Montgomery planners call for new redevelopment area

"Texaco corner" at Route 206 and 518 would be declared an area in need of redevelopment

By: Jake Uitti
   MONTGOMERY — In an ongoing effort to revamp the "Texaco corner," the township Planning Board passed a resolution Monday recommending that the northwest corner of the Route 518-206 intersection be declared an area of redevelopment.
   The issue of the site’s redevelopment will next go to the Township Committee, according to Planning Board Chairman Steven Sacks-Wilner.
   "This corner is at the heart of our commercial area," Mr. Sacks-Wilner said. "It’s extremely important that it be developed in a way that will make the citizens of Montgomery proud. The actions we took (Monday) evening will help ensure that."
   In July, the Township Committee directed the Planning Board to evaluate whether the Texaco corner, which is located next to Tiger’s Tale Restaurant, met the criteria to be declared an area in need of redevelopment.
   The property, since it stopped functioning as a gas station, had been owned by Motiva Enterprises LLC, but was sold in April to Daibes Gas 20 LLC, an Edgewater company.

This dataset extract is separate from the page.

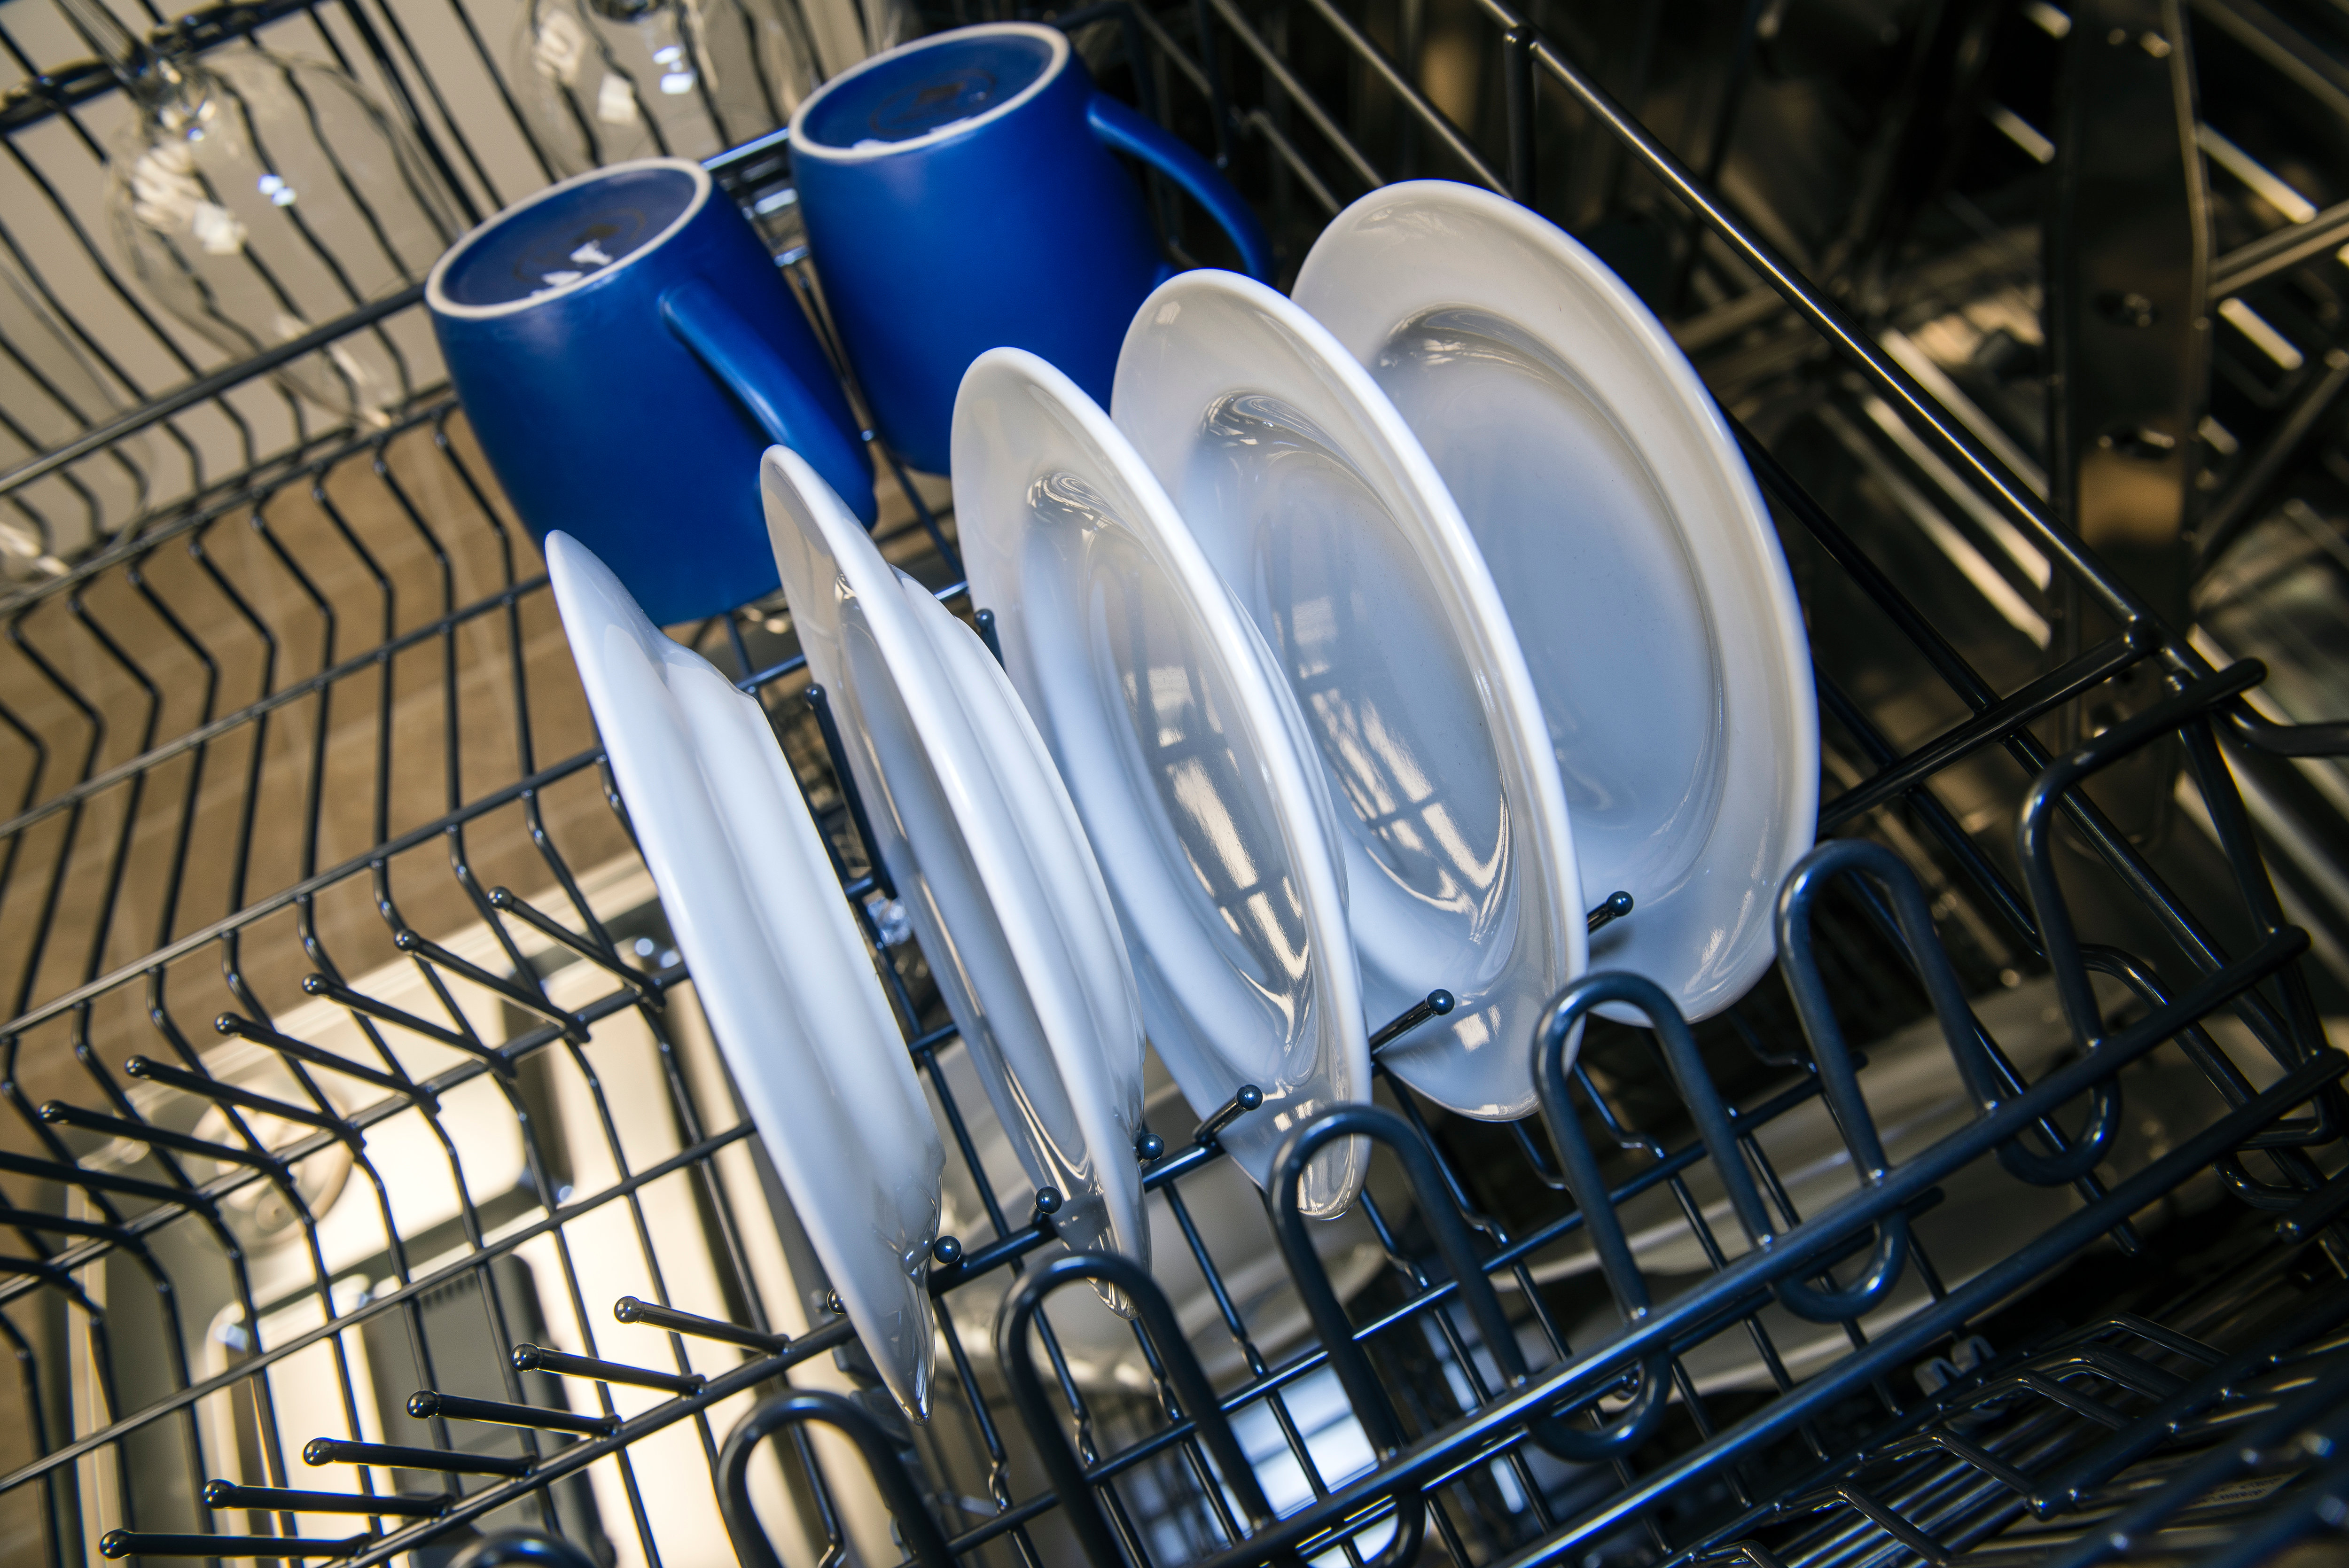 Asko D5534XXLFI upper rack cup shelves and stemware holders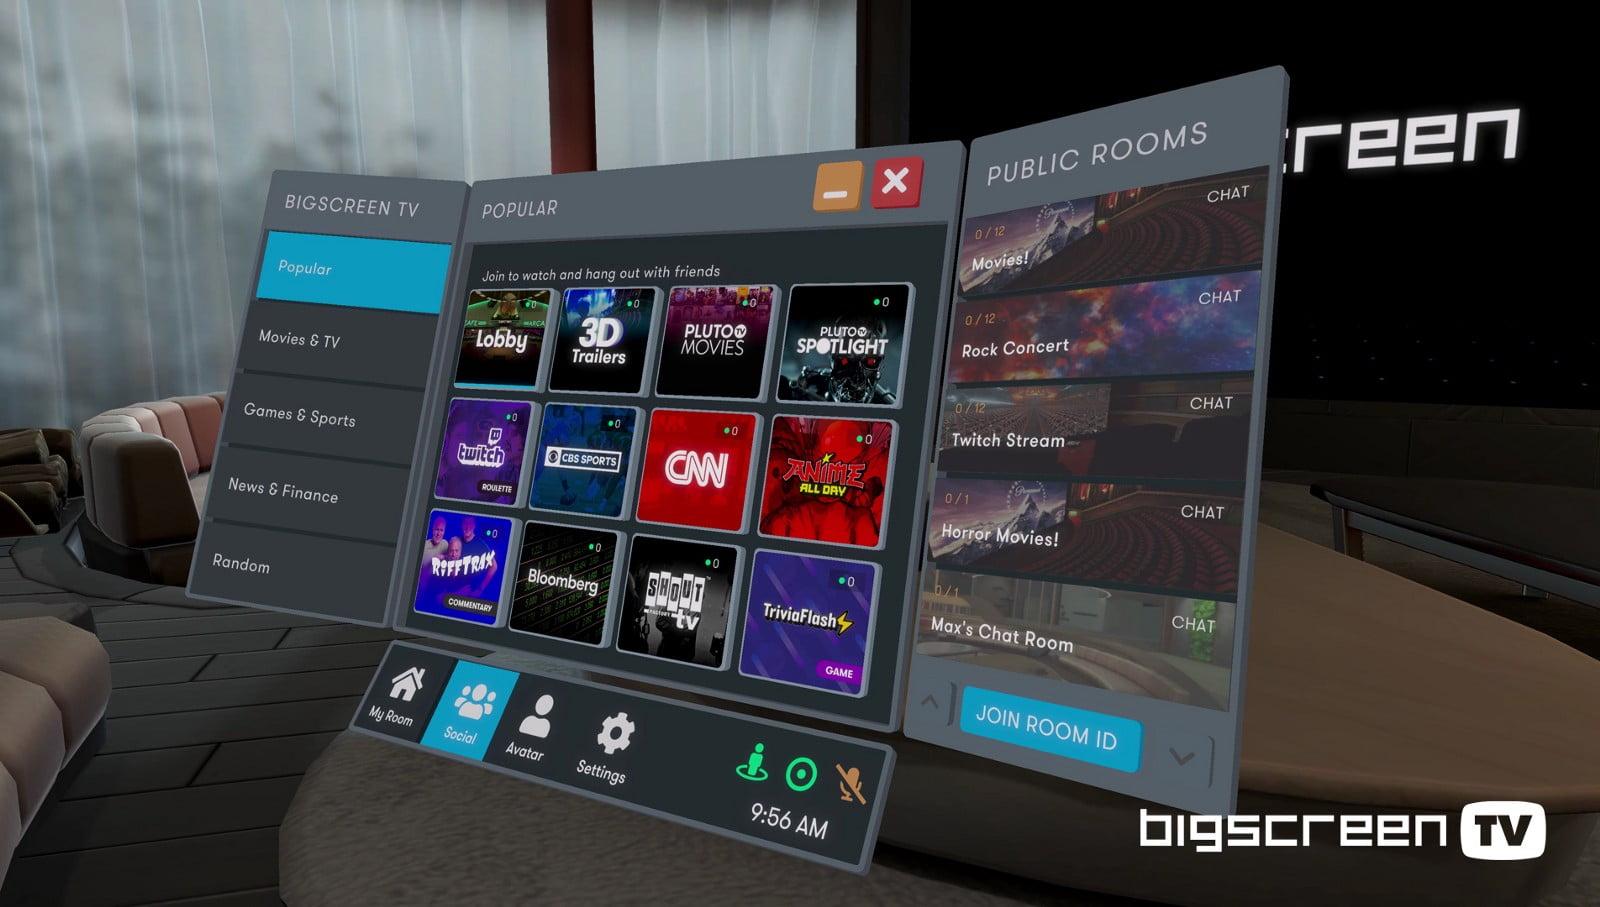 Bigscreen TV: Social-VR-App bietet jetzt 50+ Fernsehkanäle

   In other business Monday, the Planning Board gave final approval for a Yardville Bank branch to be built in Blawenburg at the corner of Routes 518 and 601.
   The bank is part of a larger development that had already received approval earlier in the year, Mr. Sacks-Wilner explained.
   That original approval for Blawenburg Village Square, to include four buildings with retail facilities on the ground floor and residencies on the second floor, would have kept an existing blue house as part of the development. The house would have been converted into offices.
   With Monday’s action, the blue house will now be demolished and a one-story bank building equipped with a 24-hour ATM and indoor lighting will be constructed in its place.
   The decision met with some public concern, however, with two residents saying customers’ car headlights at the all-night ATM would shine into their windows.
   In order to meet the residents’ concerns, representatives from Yardville Bank said they would put in a 5-foot stone wall on one side of the property and a 6-foot fence on another side, along with substantial landscaping, to protect the bank’s neighbors from the headlights.